27 августа. Вчера, записывая, я расстроилась, и главного не рассказала: ведь я с ним разговаривала! Мы вышли все вместе: он, княгиня и я. Княгиня его спросила: «Вы опять не обедали? – и потом, обращаясь ко мне, сказала: – Елизавета Георгиевна, на правах сестры милосердия и старой знакомой пожурите Олега Андреевича, объясните ему, что шутить со своим здоровьем нельзя! Он получает теперь пятьсот рублей в месяц, но не желает ничего почти из этой суммы тратить на свое питание: купил себе френч, рубашки и воротнички, а в настоящее время охотится за полуботинками, а между тем он голодал так много и долго, что следовало бы в первую очередь вернуть себе силы. Ася вас будет любить и без новых ботинок, не беспокойтесь!» Мне показалось, что эта милая дама права, и я горячо ее поддержала, он на это ответил очень решительно: «Я не могу вступать в приличный дом оборванцем; если б я зарабатывал втрое больше, я, разумеется, с удовольствием, съедал бы каждое утро бифштекс и baire Alexandre, но я вынужден выбирать, а мой вид мне слишком опротивел». И заговорил о другом. Я узнала из их разговора, что Нина Александровна на днях уезжает на Обь к высланному Бологовскому, своему жениху. По рассказам Аси у меня составилось впечатление, что это очень изысканный и умный джентльмен. Княгине выпал на долю романтичный и красивый жребий – ехать к ссыльному, а я вот слишком много думаю о подвигах и жертвах, зато они все идут мимо! Такова судьба!
28 августа. Княгиня уезжает послезавтра. Я решила, что пойду провожать на вокзал.
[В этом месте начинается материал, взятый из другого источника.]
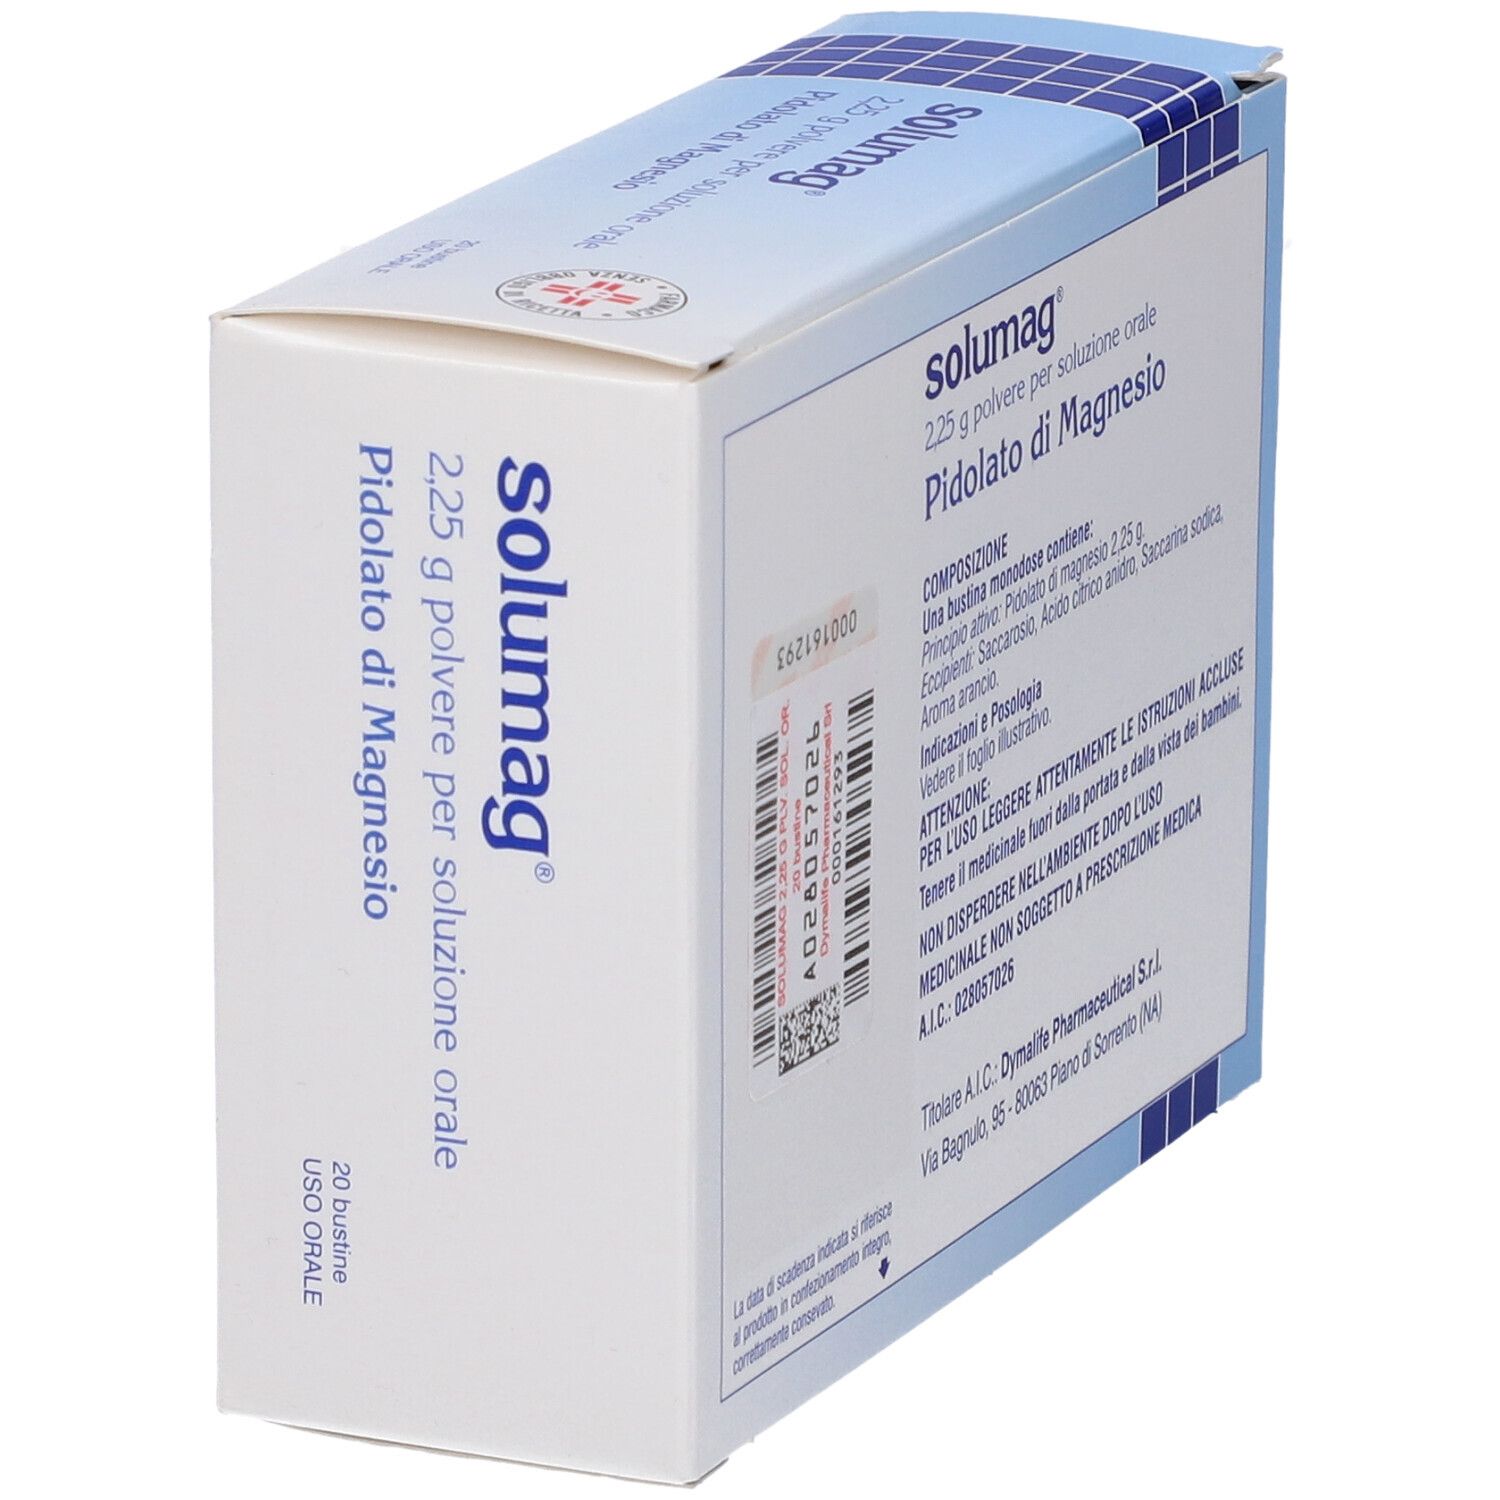 Solumag® 2,25 g Polvere per Soluzione Orale
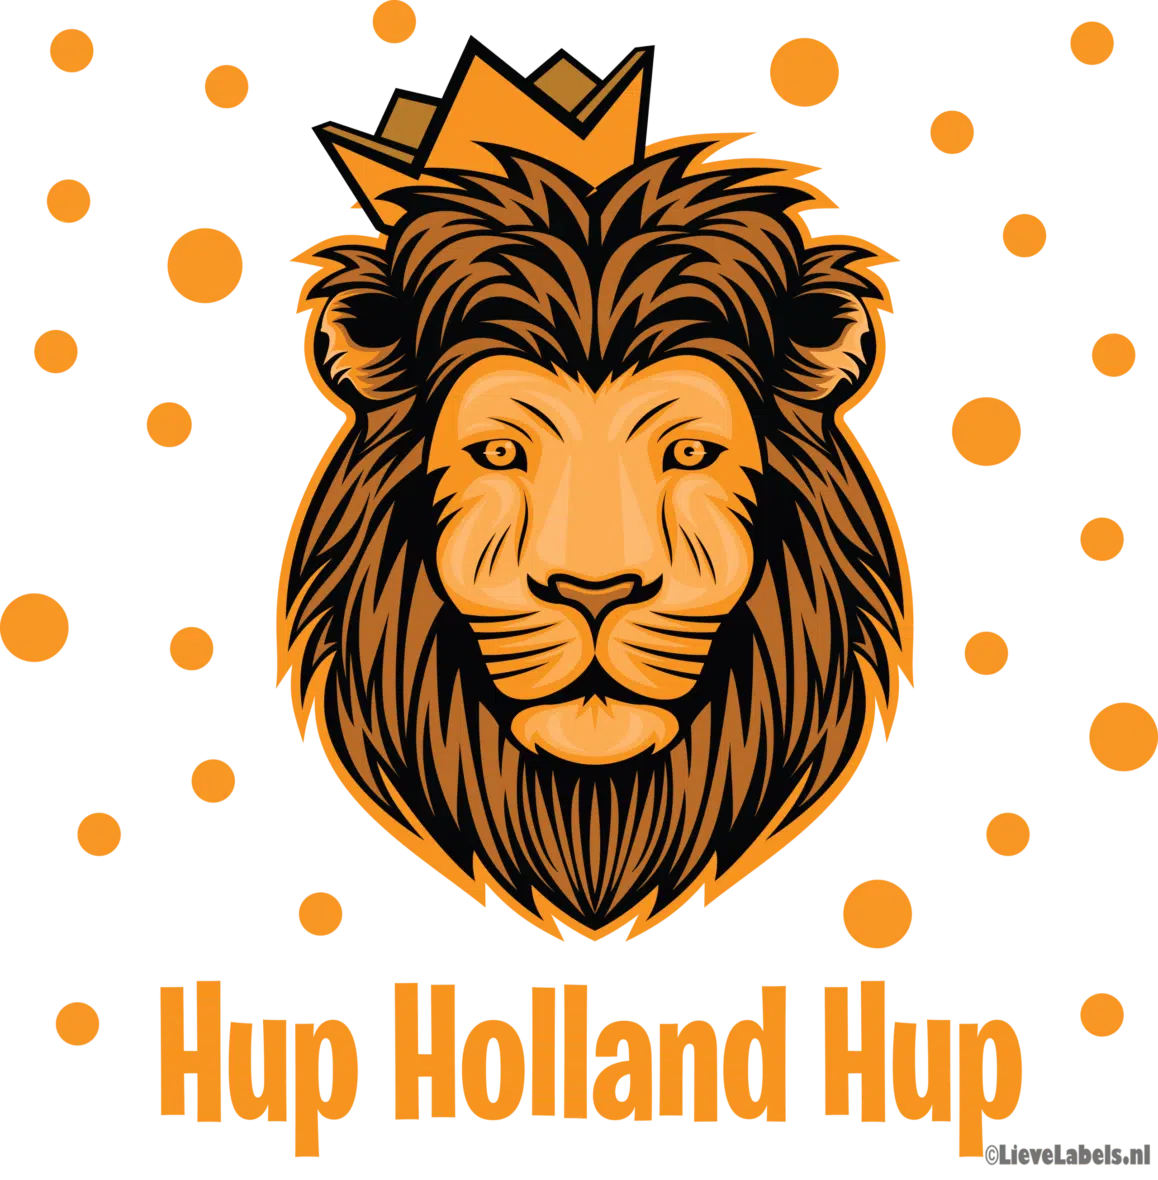 Herbruikbare statische raamstickers – Hup Holland

Я уверена, что он будет, но дело не только в нем на этот раз: она едет к ссыльному и следует выразить тах1тит сочувствия. Я по крайней мере считаю себя обязанной солидаризироваться! Чтобы мне снести ей: цветы, конфеты? Я попала в круг аристократии и должна признаться, что эти звонкие старинные фамилии, утонченность манер, грассирующий говор и французские фразы – все это теперь, в ореоле террора и нужды, импонирует мне. В сущности, это чужой мне круг: мы скромные, мелкопоместные дворяне – трудовая интеллигенция. В прежнее время наша семья никогда не искала связи с высшими мира сего. Около нашей усадьбы было имение князей Кисловских, они рассылали иногда приглашения соседям, в том числе и нам – ни отец, ни мать, ни бабушка не желали у них бывать; в Смольном со мной училась княжна Оболенская – титул ее не играл никакой роли в моих глазах; уверена, что и теперь было бы также, если бы не было революции. Но если русскую интеллигенцию, и в первую очередь дворянскую, так оплевывают и так терзают, если аристократию уже почти всю извели, а слова «паж», «лицеист», «камергер», «гвардеец», «сенатор» звучат почти как приговор – моя симпатия на стороне гонимых, как и всегда! В их лице гибнет класс, который дал России слишком много великих имен для того, чтобы не простить тех нескольких, которые были не на высоте, и я отстаиваю честь этого знамени! Не говорю уже о том, что мне посчастливилось встретить в их среде людей с исключительными душевными качествами, не говорю о человеке, которого люблю.